Supreme Court: NC Railroad isn’t subject to open records law
RALEIGH, N.C. (AP) — The North Carolina Railroad Co., a nearly 175-year-old company now owned fully by the state, can withhold documents from the public because it isn’t subject to open records laws, the state Supreme Court has ruled.
A majority of justices upheld on Friday a lower court ruling that involved a 2019 lawsuit filed by the Southern Environmental Law Center against the railroad. The group wanted railroad records after a passenger rail project between Durham and Orange County fell apart, WRAL-TV reported.
Since 2006, state government has been the sole shareholder of the railroad, which owns 317 miles of rail from Charlotte to Morehead City. The private company was chartered in 1849. Its board is picked by the governor and General Assembly leadership.
Associate Justice Sam Ervin, writing the 5-2 majority opinion, said while the state “does exert a considerable degree of control over the railroad, it primarily exercises this authority in its capacity as the railroad’s sole shareholder rather than in its capacity as a sovereign,” Ervin wrote.
The railroad is not subject to the open records law because the legislature and other governmental entities have “consistently treated the railroad as a private corporation.”

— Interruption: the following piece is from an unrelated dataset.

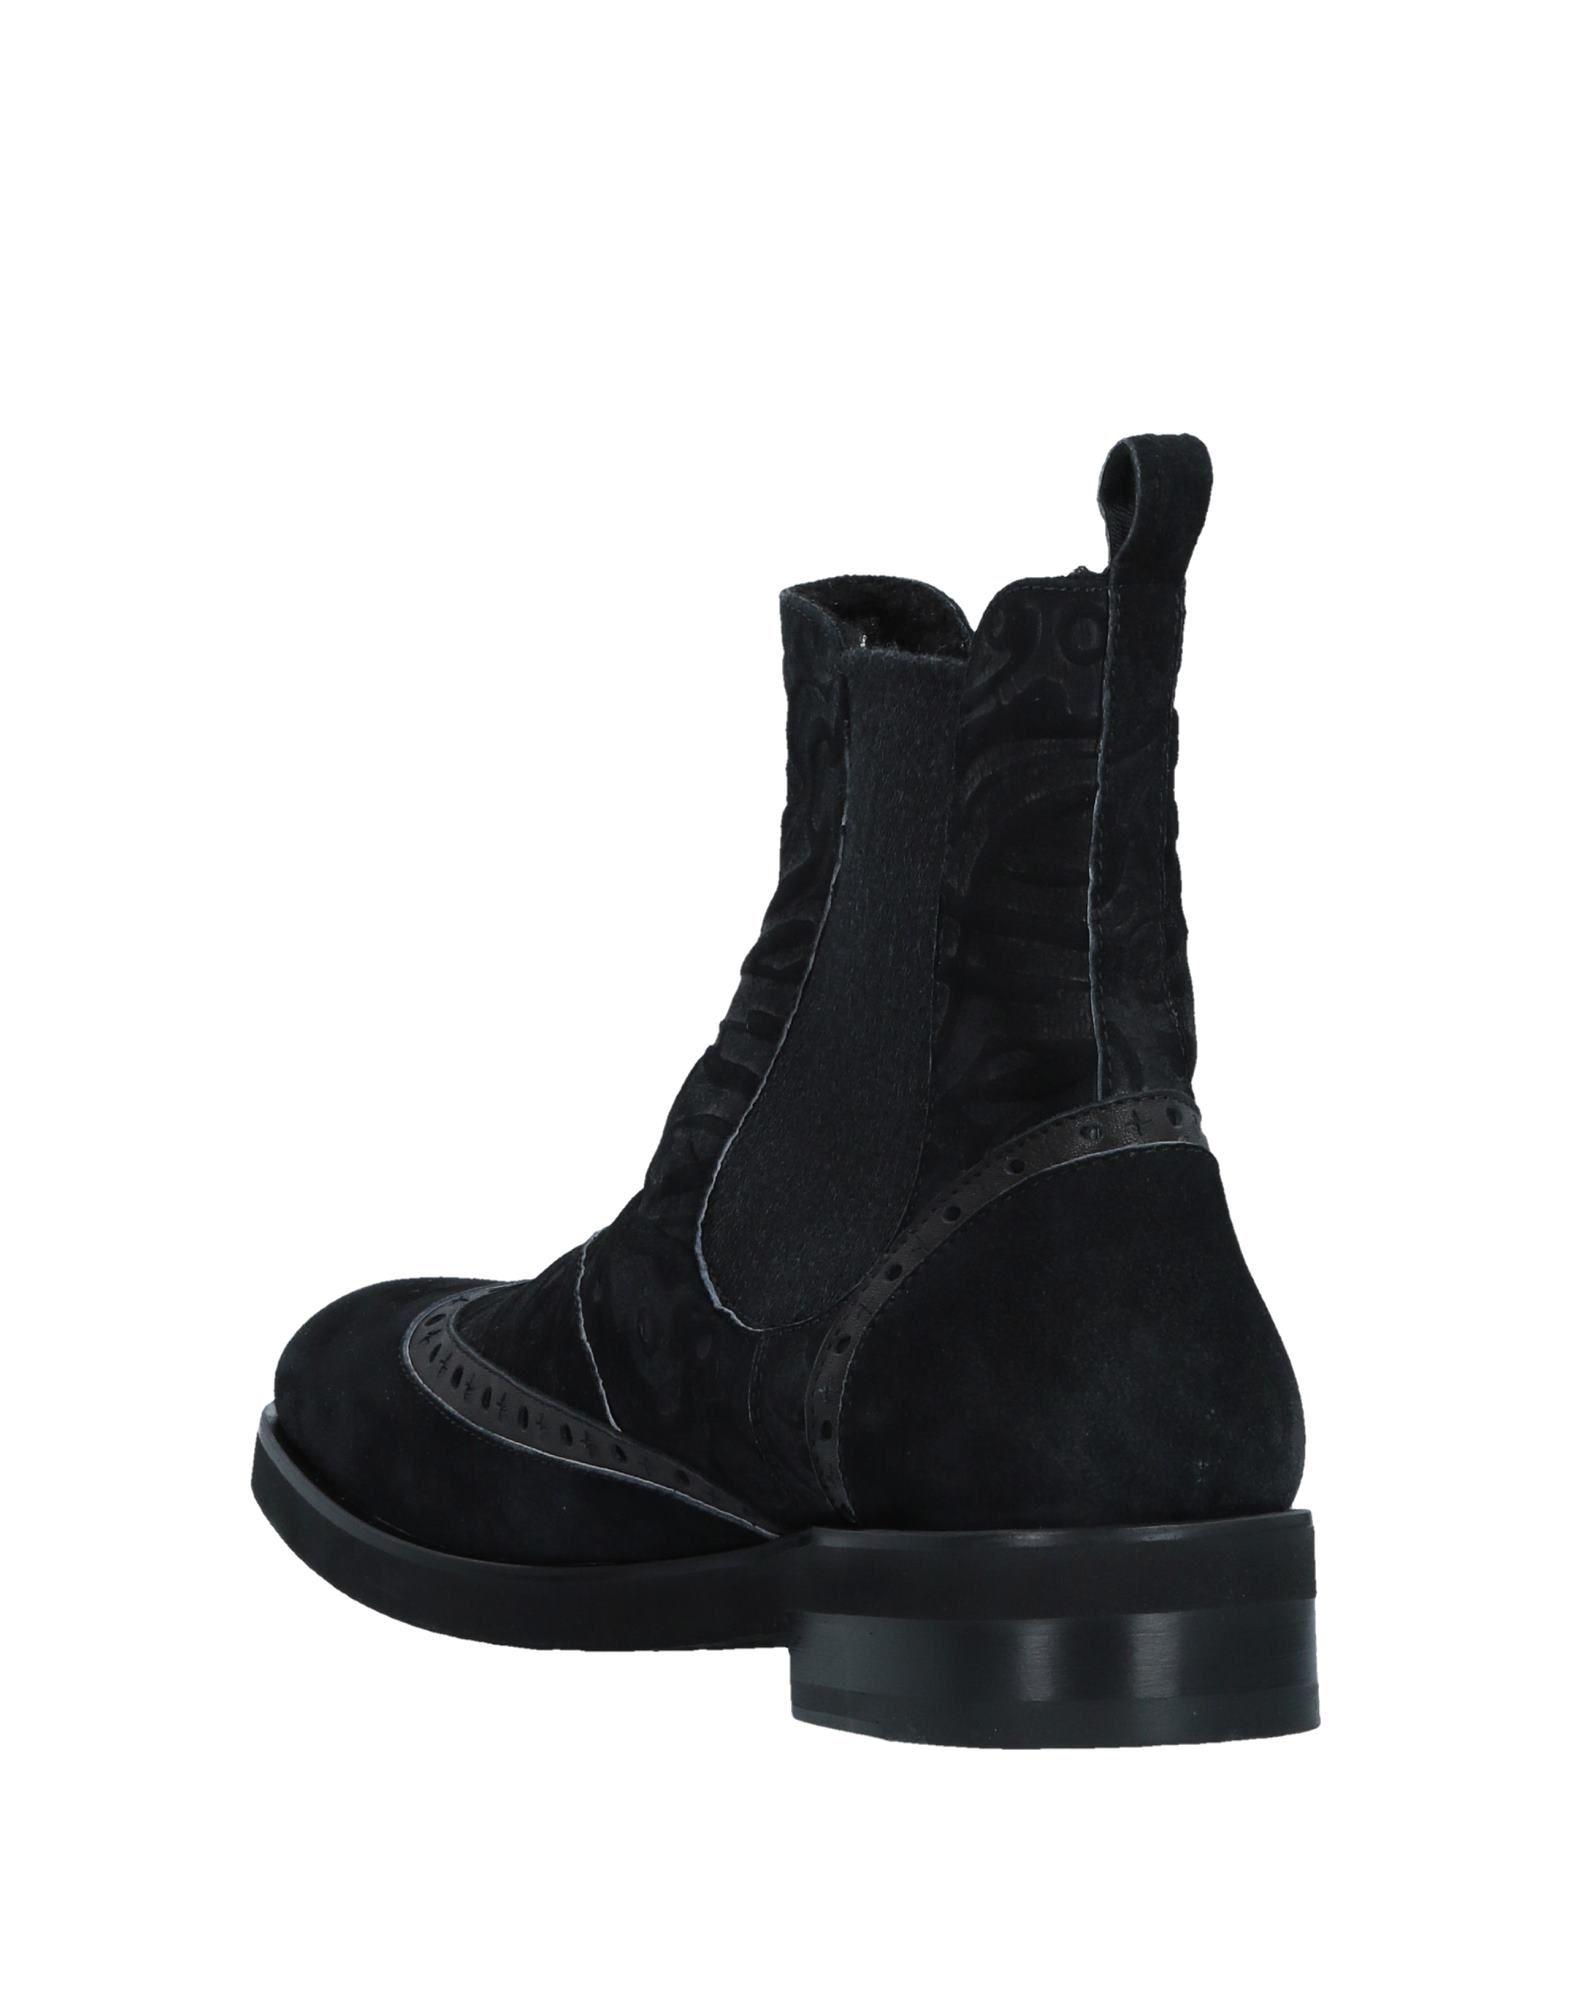 John Richmond Stiefelette Herren  11531112IU Gute Qualität beliebte Schuhe

In the dissenting opinion, Associate Justice Anita Earls said the majority’s decision “runs contrary to the purpose of the (Public Records Act) and privileges the form of the corporation over the public nature of its governance and activities.”
“The legislature’s intent was for the Public Records Act to make more, not less, of our government’s activities and operations available for public examination,” Earls wrote.